=== Exercise data ===

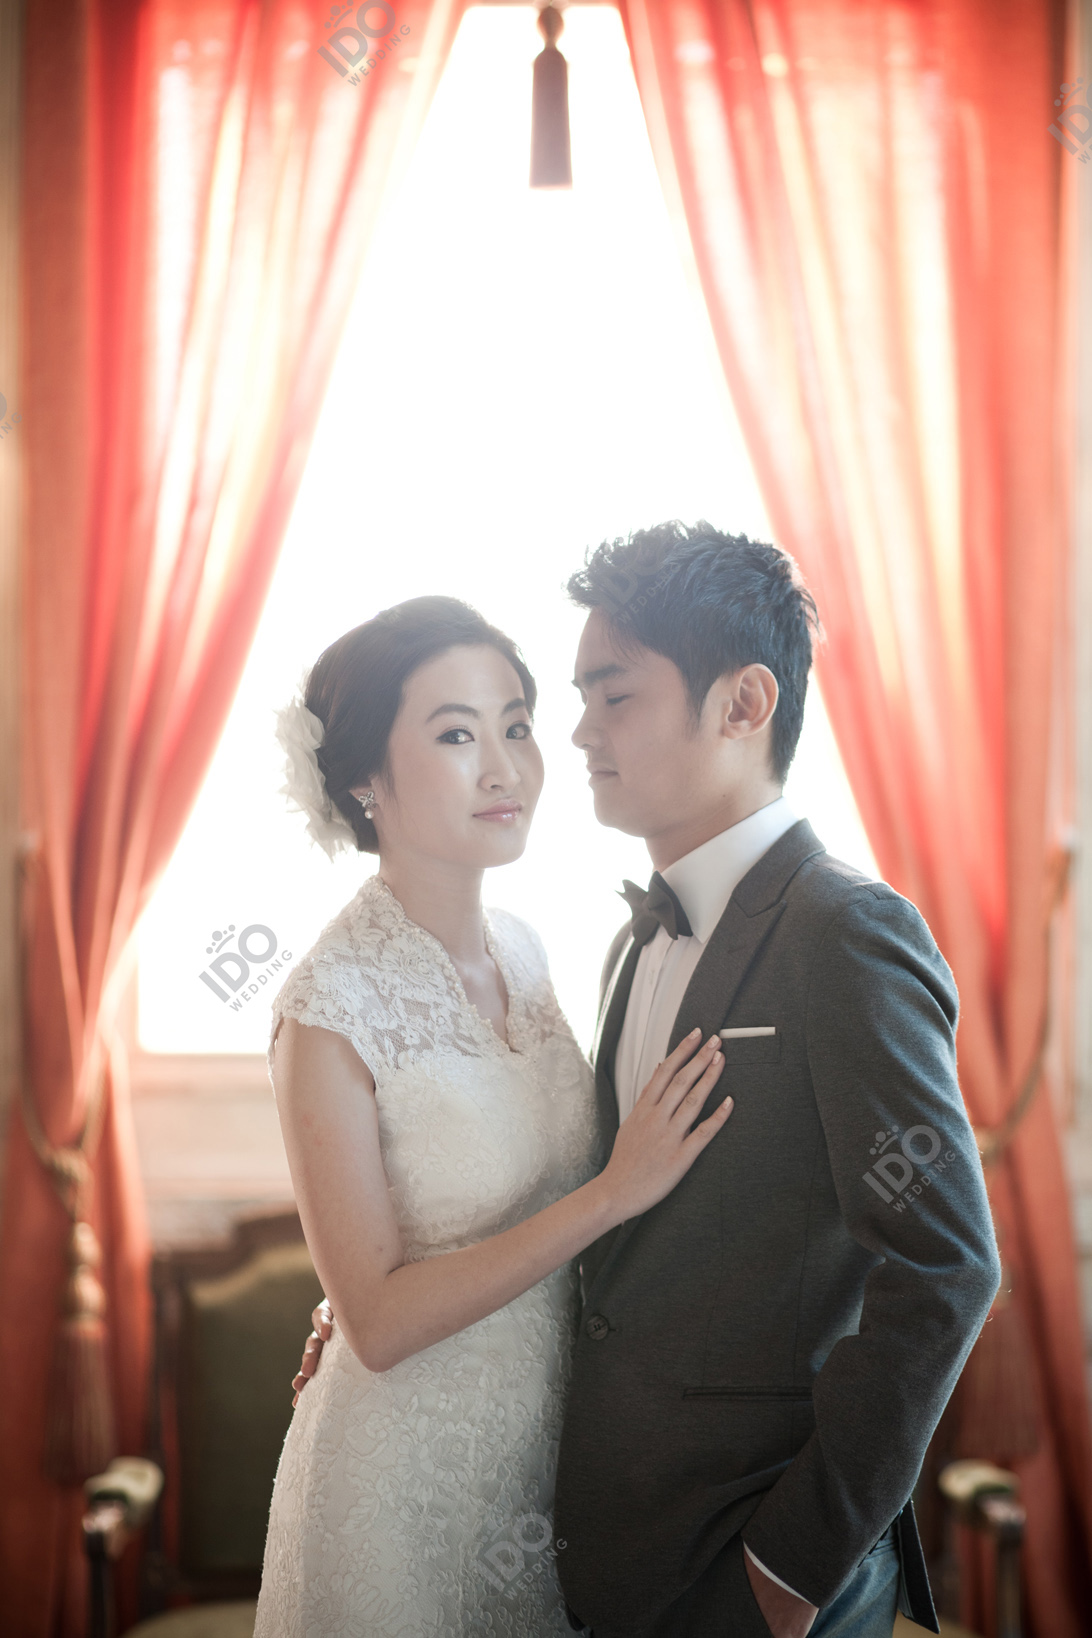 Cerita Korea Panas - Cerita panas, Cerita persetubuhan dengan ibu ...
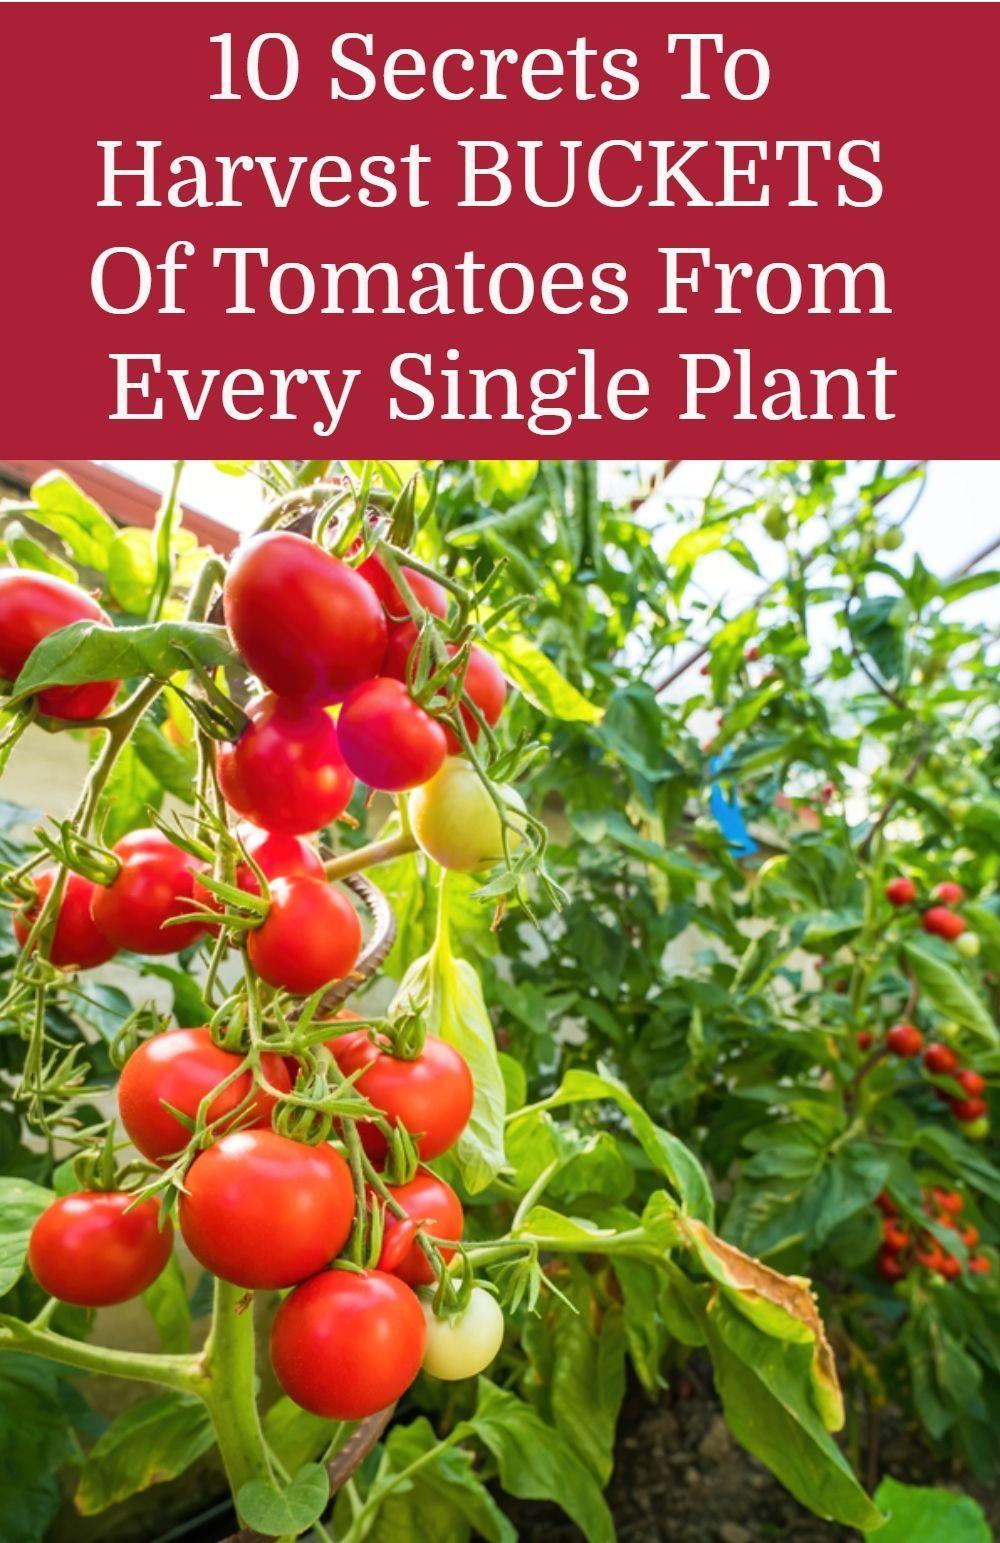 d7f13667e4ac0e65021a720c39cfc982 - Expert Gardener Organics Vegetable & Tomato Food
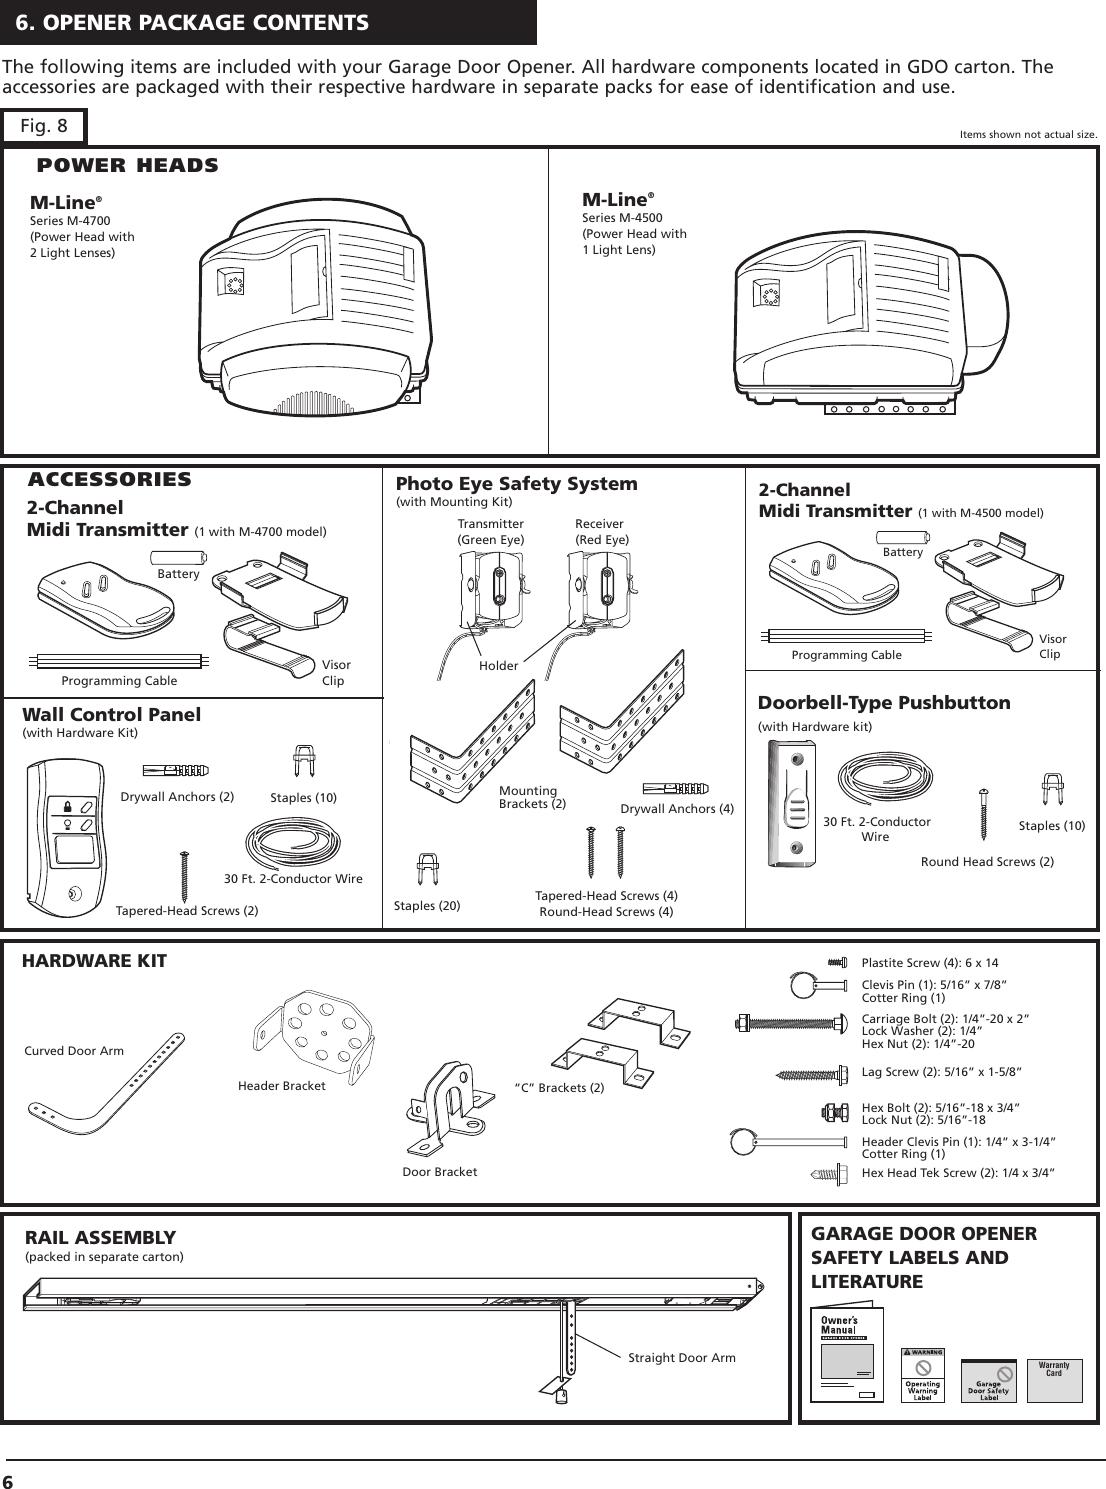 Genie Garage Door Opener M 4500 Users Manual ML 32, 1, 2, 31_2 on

===

Please give back the data above word for word, with no pictures included.

• **Reply to the exercise**
 Cerita Korea Panas - Cerita panas, Cerita persetubuhan dengan ibu ...
 d7f13667e4ac0e65021a720c39cfc982 - Expert Gardener Organics Vegetable & Tomato Food
 Genie Garage Door Opener M 4500 Users Manual ML 32, 1, 2, 31_2 on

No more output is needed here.